Buddy Holly is Alive and Well on Ganymede
- Front cover of the 1st U.S. edition
- Author: Bradley Denton
- Cover artist: Mark Harrison
- Language: English
- Genre: Science fiction
- Publisher: William Morrow & Co
- Publication date: September 1991 (1st edition)
- Publication place: United States
- Media type: Print (hardcover)
- Pages: 359 (1st edition)
- ISBN: 0-688-10822-9

= Buddy Holly Is Alive and Well on Ganymede =

1991 novel by Bradley Denton

Buddy Holly is Alive and Well on Ganymede is a 1991 comedic science fiction novel by Bradley Denton.

==Plot==
Oliver Vale was conceived on February 3, 1959, the day that iconic rock & roll singer Buddy Holly died. Exactly thirty years later, Buddy Holly appears on every television set in the world, on every channel. Holly states that he is being held on Ganymede, and that Oliver Vale is to be contacted for assistance. He then begins performing.

As a result, Vale finds himself being pursued by agents of the Federal Communications Commission, by angry television watchers, and by still more mysterious forces.

==Reception==
Buddy Holly Is Alive and Well on Ganymede won the 1992 John W. Campbell Memorial Award for Best Science Fiction Novel.

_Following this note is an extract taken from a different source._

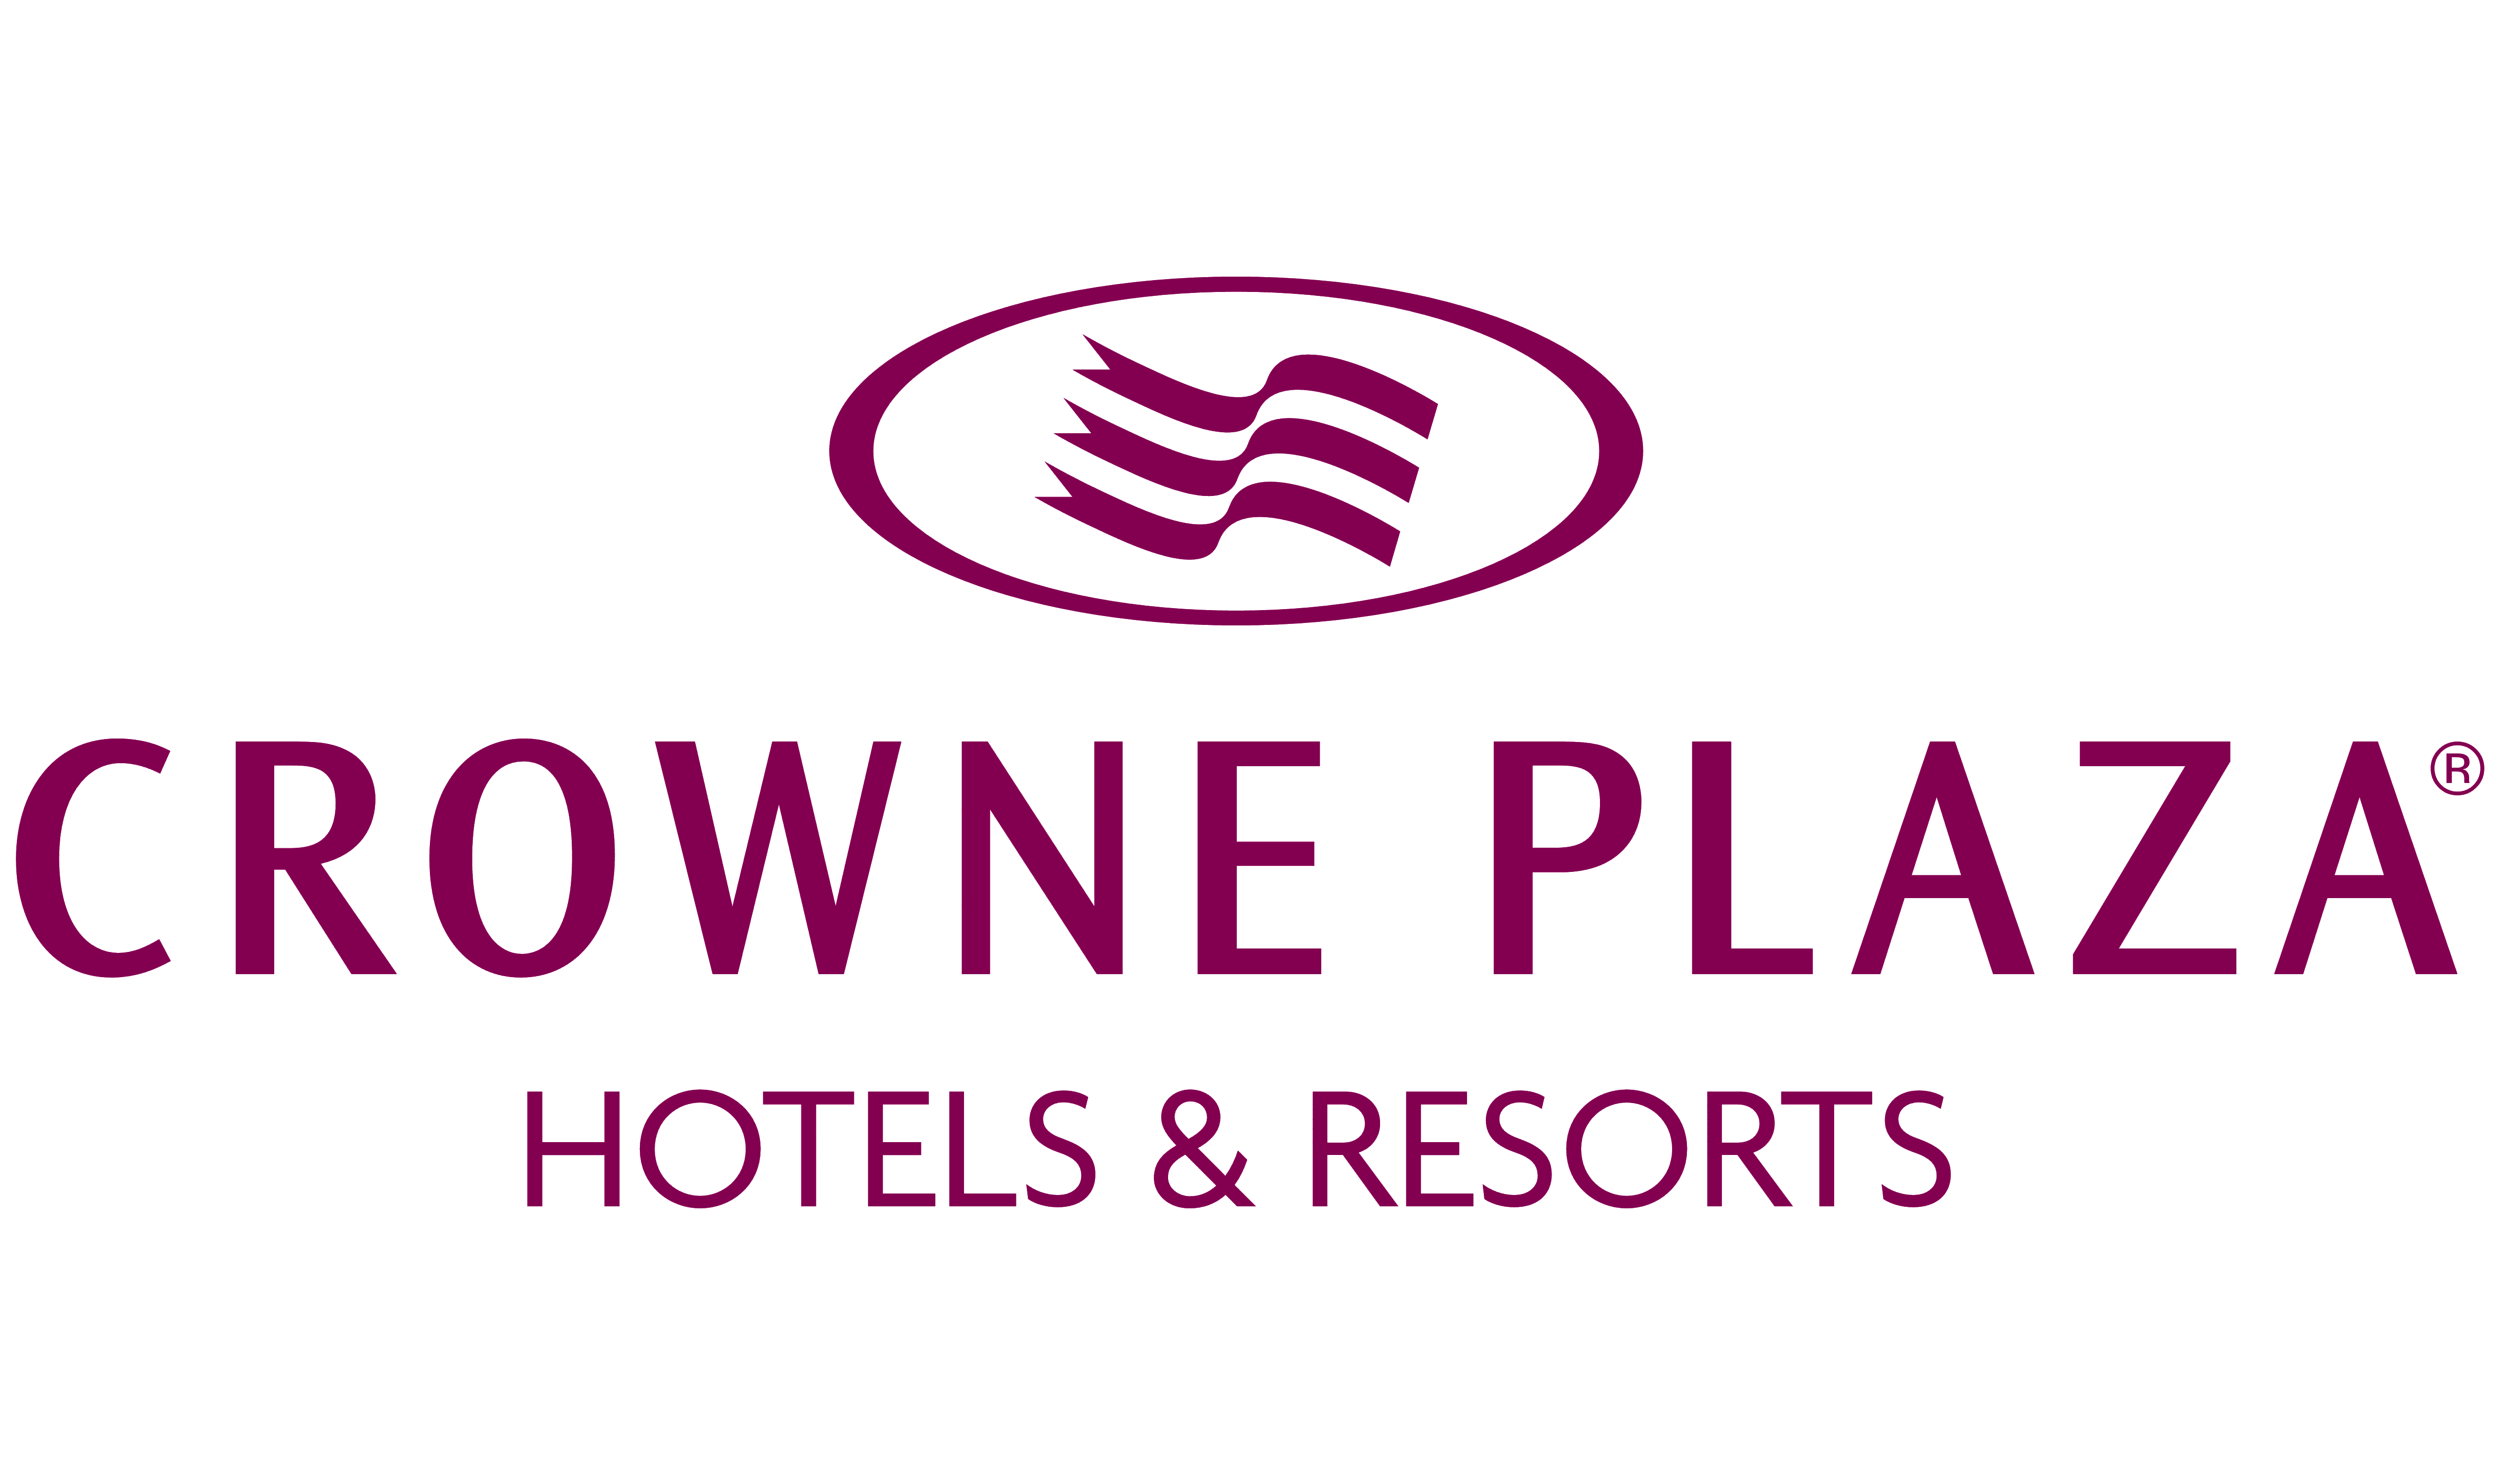 Crowne Plaza Logo Evolution History And Meaning

Kirkus Reviews found it to be "illogical, uproarious, yet ultimately memorable", "riotous", and "gloriously mad", but noted that "(t)he plot doesn't add up, or even make much sense", stating that despite Denton being "an exceptionally promising new talent" (in 1991), "the parts (...) are greater than the whole". Publishers Weekly, reviewing the audiobook, described it as "quirky" with a "cockamamie and action-packed plot" and "many laugh-out-loud moments". Cory Doctorow called it "the great American comic science fiction novel".

==Copyright==
In 2009, Denton made the novel available under a Creative Commons license. (Note: CC 3.0 BY-NC-ND)

==Adaptation==
In August 2009, a film version of the novel was announced. It is to be titled Alive and Well and star Jon Heder. On April 11, 2011, a teaser trailer was released. The film was never released.